I have the following html file stored on my local system:

<span style="position:absolute; border: gray 1px solid; left:0px; top:50px; width:612px; height:792px;"></span>
<div style="position:absolute; top:50px;"><a name="1">Page 1</a></div>
<div style="position:absolute; border: textbox 1px solid; writing-mode:lr-tb; left:45px; top:71px; width:322px; height:38px;"><span style="font-family: BAAAAA+DejaVuSans-Bold; font-size:30px">One
<br></span></div><div style="position:absolute; border: textbox 1px solid; writing-mode:lr-tb; left:45px; top:104px; width:175px; height:40px;"><span style="font-family: BAAAAA+DejaVuSans-Bold; font-size:15px">Two</span><span style="font-family: CAAAAA+DejaVuSans; font-size:16px">: two txt
<br></span><span style="font-family: BAAAAA+DejaVuSans-Bold; font-size:15px">Three</span><span style="font-family: CAAAAA+DejaVuSans; font-size:16px">: Three txt
<br></span><span style="font-family: BAAAAA+DejaVuSans-Bold; font-size:15px">Four</span><span style="font-family: CAAAAA+DejaVuSans; font-size:16px">: Four txt
<br></span></div><div style="position:absolute; border: textbox 1px solid; writing-mode:lr-tb; left:274px; top:144px; width:56px; height:19px;"><span style="font-family: BAAAAA+DejaVuSans-Bold; font-size:19px">FIVE
<br></span></div><div style="position:absolute; border: textbox 1px solid; writing-mode:lr-tb; left:45px; top:171px; width:515px; height:44px;"><span style="font-family: CAAAAA+DejaVuSans; font-size:18px">five txt
<br>five txt2 
<br>five txt3
<br></span></div><div style="position:absolute; border: textbox 1px solid; writing-mode:lr-tb; left:220px; top:223px; width:164px; height:19px;"><span style="font-family: BAAAAA+DejaVuSans-Bold; font-size:19px">SIX
<br></span></div><div style="position:absolute; border: textbox 1px solid; writing-mode:lr-tb; left:44px; top:247px; width:489px; height:159px;"><span style="font-family: BAAAAA+DejaVuSans-Bold; font-size:17px">six txt
<br></span><span style="font-family: CAAAAA+DejaVuSans; font-size:18px">six txt2
<br>- six txt2
<br>• six txt3
<br>• six txt4 
<br>• six txt5
<br></span>

我需要提取此html文件中出现的所有字体大小.我正在使用beautifulsoup,但我只知道如何提取文本.

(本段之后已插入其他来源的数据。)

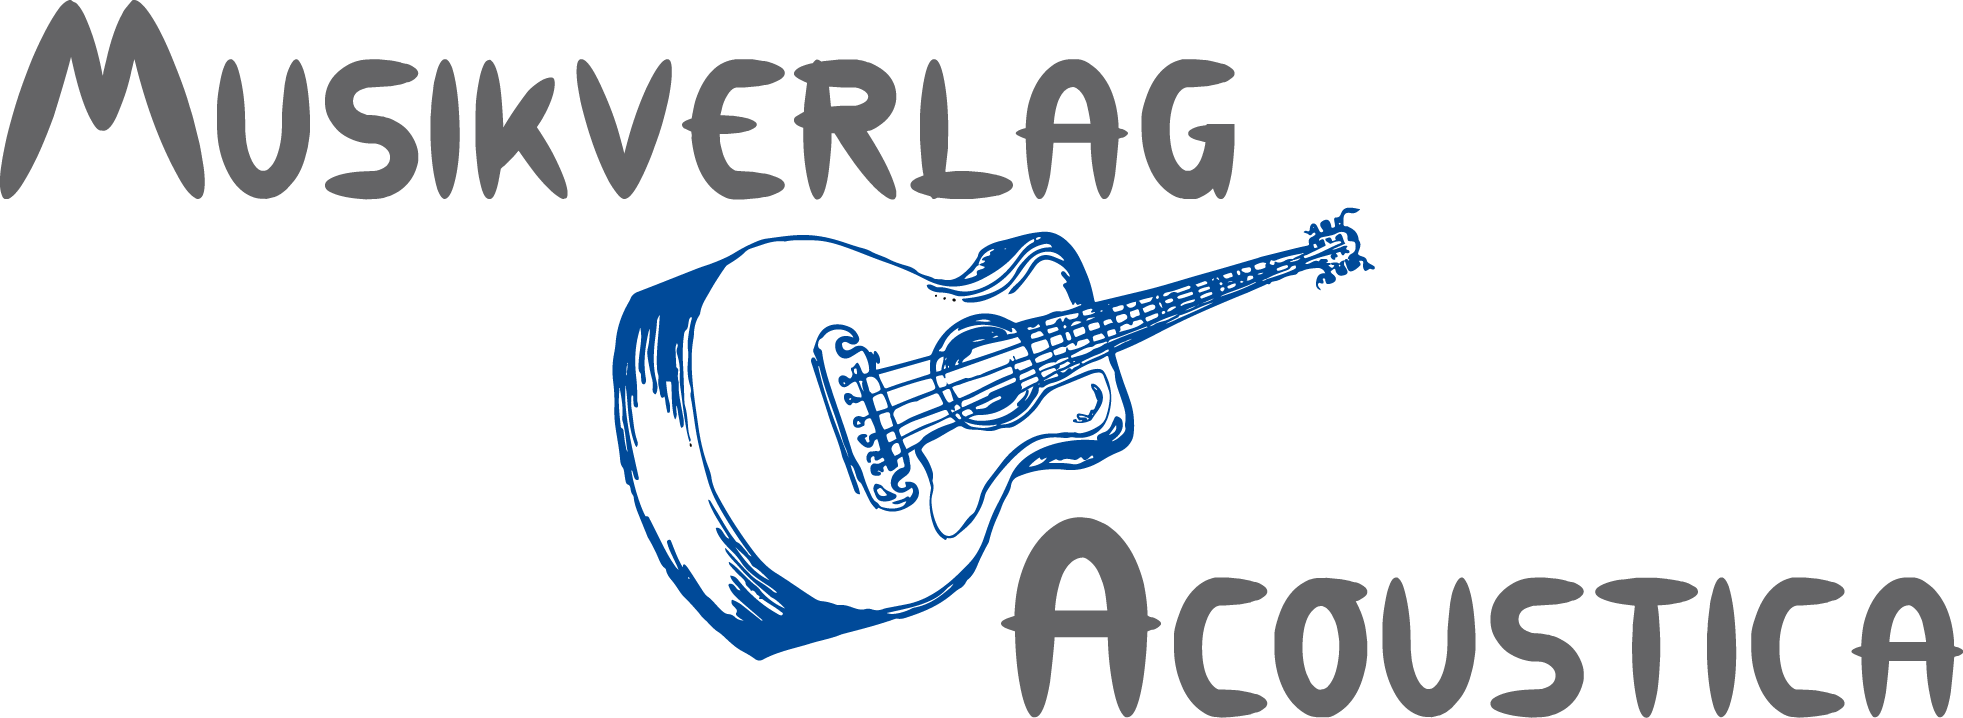 Musikverlag Acoustica – Noten für akustische Gitarre

I need to extract all the font-sizes that occur in this html file. I am using beautifulsoup, but I know only how to extract the text.

我可以使用以下代码提取文本:

I can extract the text using the following code:

from bs4 import BeautifulSoup
htmlData = open('/home/usr/Downloads/files/output.html', 'r')
soup = BeautifulSoup(htmlData)

texts = soup.findAll(text=True)

我需要提取每个文本的字体大小并将字体-文本对存储到列表或数组中.具体来说,我想有一个像[('One','30'),('Two','15')]这样的数据结构,以此类推,其中30来自font-size:30px而15来自font-size:15px

I need to extract the font size of each piece of text and store the font-text pair into a list or array. To be specific, I want to have a data structure like [('One','30'),('Two','15')] and so on where 30 is from the font-size:30px and 15 from font-size:15px

唯一的问题是我不知道一种获取字体大小值的方法.有任何想法吗?

The only problem is that I can't figure out a way to get the font-size value. Any ideas?

推荐答案

希望有帮助:我建议您阅读BeautifulSoup

Hope this helps : I suggest you to read more documents on BeautifulSoup

from bs4 import BeautifulSoup
htmlData = open('/home/usr/Downloads/files/output.html', 'r')
soup = BeautifulSoup(htmlData)

font_spans = [ data for data in soup.select('span') if 'font-size' in str(data) ]
output = []
for i in font_spans:
    tup = ()
    fonts_size = re.search(r'(?is)(font-size:)(.*?)(px)',str(i.get('style'))).group(2)
    tup = (str(i.text).strip(), fonts_size.strip())
    output.append(tup)

print(output)
[('One', '30'),('Two', '15'), ....]

如果要消除包含txt的文本值,可以添加if not 'txt' in i.text:

If you want to eliminate text values which contains txt you may add if not 'txt' in i.text:

说明:

首先,您需要识别包含font-size

First you need to identify tags which contains font-size,

font_spans = [ data for data in soup.select('span') if 'font-size' in str(data) ]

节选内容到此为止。